🤖 AI Summary
This work addresses the limitations of existing Vision Mamba models, which rely on unidirectional scanning and thus struggle to capture non-causal dependencies among image patches while exhibiting poor computational efficiency on short sequences. To overcome these issues, we propose an efficient Vision Mamba architecture that enables bidirectional information exchange under unidirectional scanning through an auxiliary patch-swapping mechanism. Furthermore, we integrate batch folding and periodic state reset strategies to enhance GPU parallelism. Our approach maintains linear computational complexity while significantly improving modeling capacity.
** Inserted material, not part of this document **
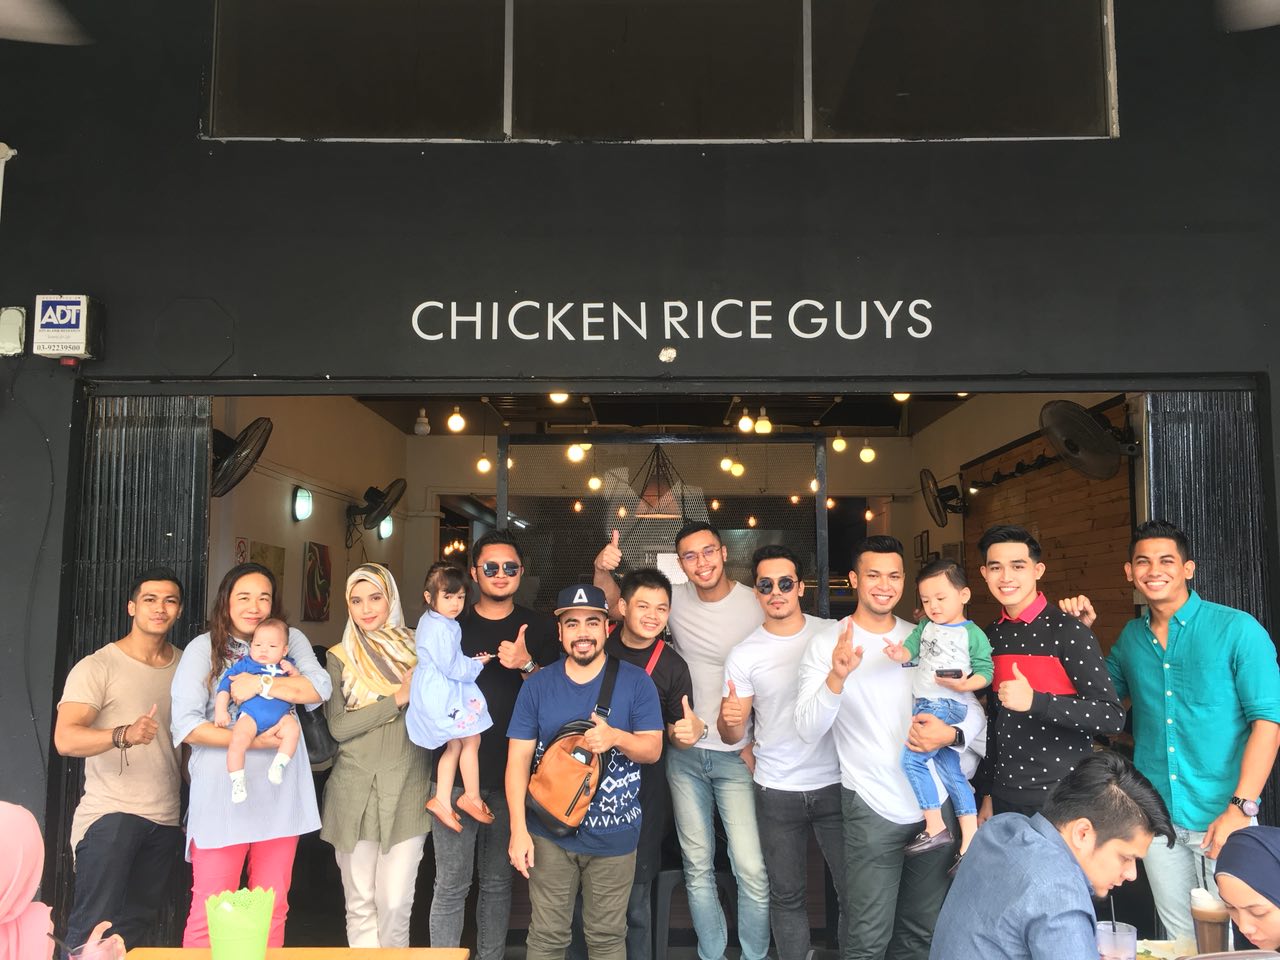 Crg chicken rice guys

Extensive experiments demonstrate that the proposed method consistently outperforms state-of-the-art baselines across multiple vision tasks—including image classification, object detection, and instance and semantic segmentation—and achieves higher throughput across various model scales.
📝 Abstract
The realm of Mamba for vision has been advanced in recent years to strike for the alternatives of Vision Transformers (ViTs) that suffer from the quadratic complexity. While the recurrent scanning mechanism of Mamba offers computational efficiency, it inherently limits non-causal interactions between image patches. Prior works have attempted to address this limitation through various multi-scan strategies; however, these approaches suffer from inefficiencies due to suboptimal scan designs and frequent data rearrangement. Moreover, Mamba exhibits relatively slow computational speed under short token lengths, commonly used in visual tasks. In pursuit of a truly efficient vision encoder, we rethink the scan operation for vision and the computational efficiency of Mamba. To this end, we propose SF-Mamba, a novel visual Mamba with two key proposals: auxiliary patch swapping for encoding bidirectional information flow under an unidirectional scan and batch folding with periodic state reset for advanced GPU parallelism. Extensive experiments on image classification, object detection, and instance and semantic segmentation consistently demonstrate that our proposed SF-Mamba significantly outperforms state-of-the-art baselines while improving throughput across different model sizes. We will release the source code after publication.